NYPD Often Fails To Document Reason For Stop-and-Frisk: Report

WNYC News | Feb 16, 2016

More than a quarter of stop-and-frisk reports examined by the NYPD's internal auditors found officers failed to document reasonable suspicion for the encounter. Yet supervisors generally signed off.

That was among the findings in a court-appointed monitor's semi-annual report.

Darius Charney, a senior staff attorney at the Center for Constitutional Rights, which brought one of the stop-and-frisk lawsuits that led to the monitor's appointment,  says the findings show it will take more than new training to change the culture of the NYPD. Sergeants and other front-line supervisors need to help.

“Unless and until they buy into these changes and reinforce them at the station-house level, these changes are not going to take hold,” he said.

The NYPD did not immediately respond to a request for comment.

The head of the Sergeants Benevolent Association, Ed Mullins, says the department is understaffed at the supervisor level, making it difficult to oversee all the new requirements.

He also called it “unacceptable” that the department isn’t moving more quickly to equip officers with body cameras. As part of the settlement, the NYPD had agreed to test out body cameras. But according to the monitor’s report, the department hasn’t picked a camera vendor yet and won’t get the cameras until late summer 2016 at the earliest.

“We’re talking about body cameras that are in other parts of the country being used by many, many police departments, and we cannot figure out what body camera to use in a two-year period?

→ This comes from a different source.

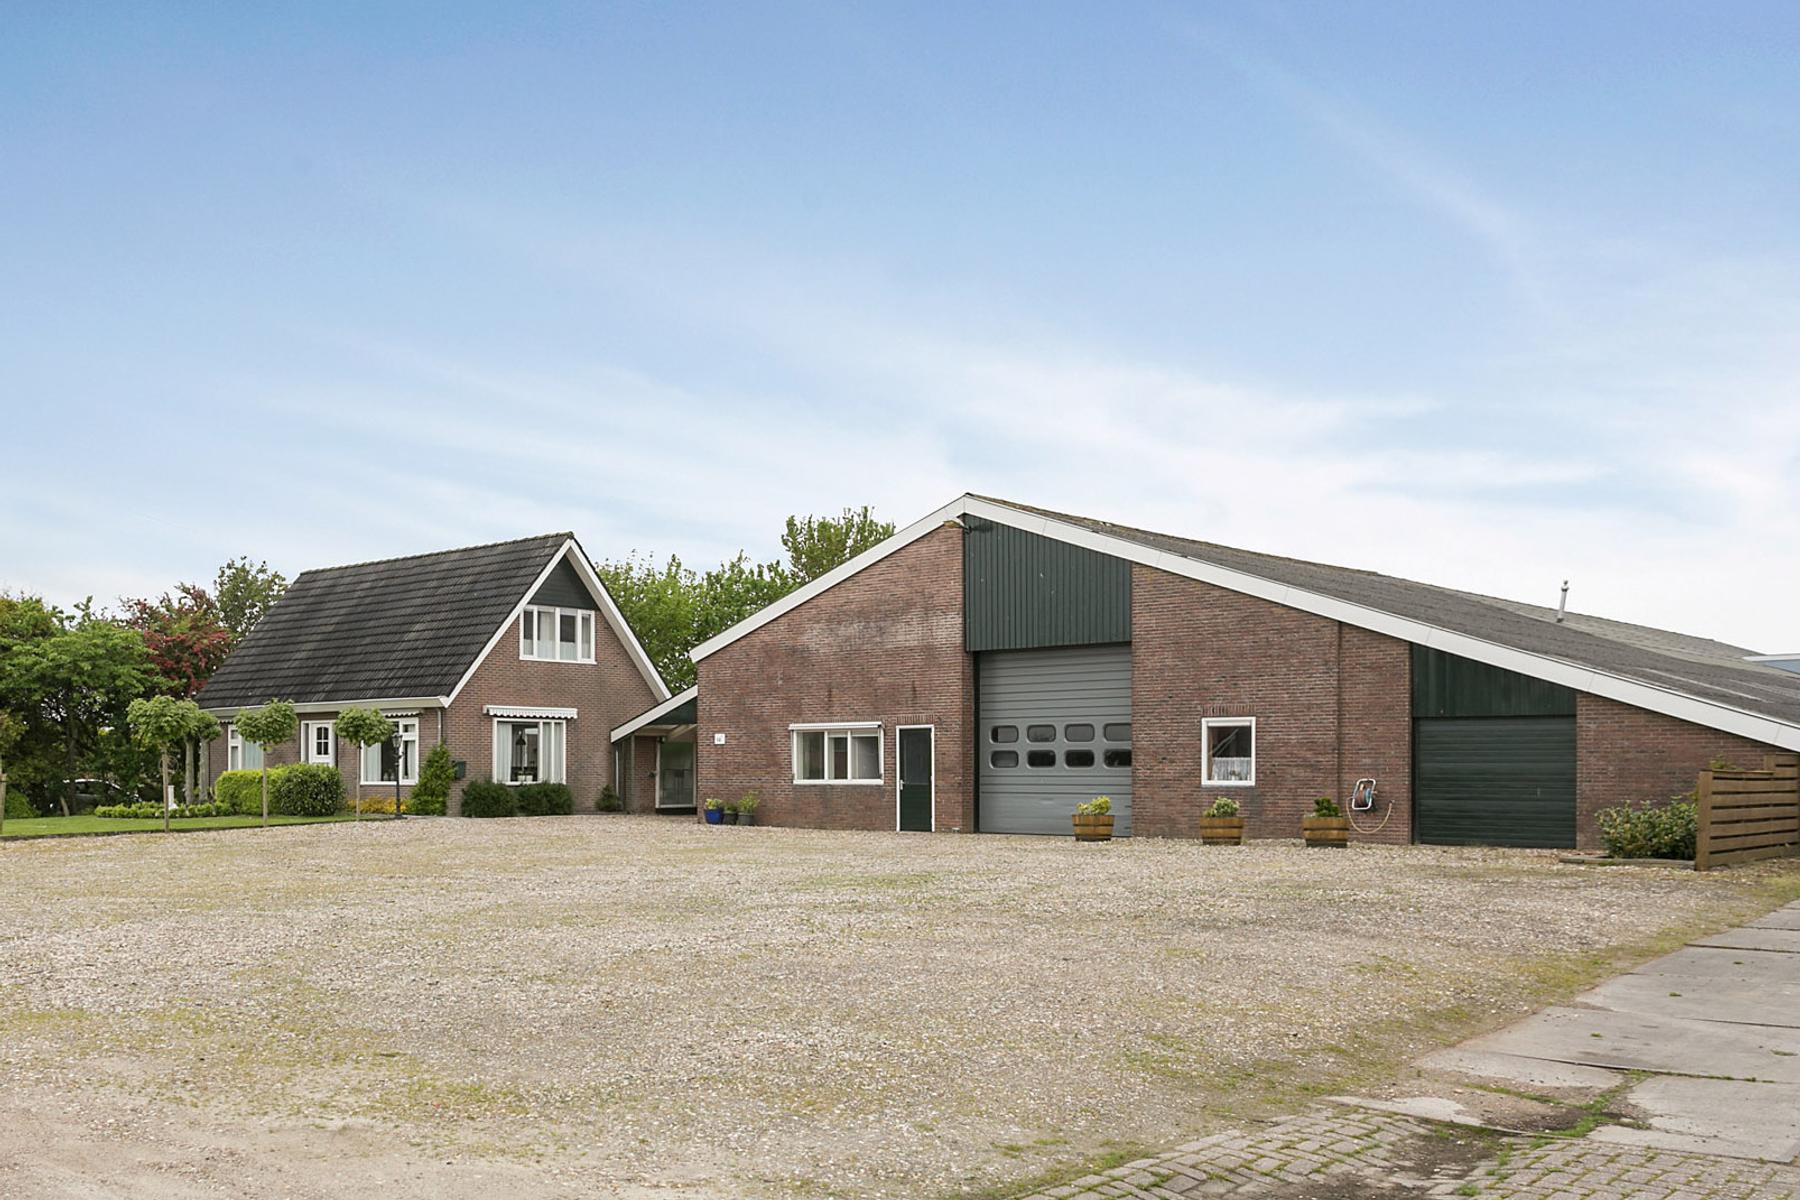 ede2fd2ecd0 Holwerterdyk 14 A in Ternaard 9145 RK: Bedrijfsruimte te koop ...

I tend to think that the department is avoiding the expense of the storage of the data, of the purchase of the cameras,” Mullins said. “In the end, the price is much greater, in the sense that there’s a lack of public confidence in the NYPD and those body cameras will help to instill the public confidence and will also help to clear police officers of alleged wrongdoing.”

“So this is something that’s pretty important and to sit back and not know what vendor you’re using is pretty inexcusable,” he said.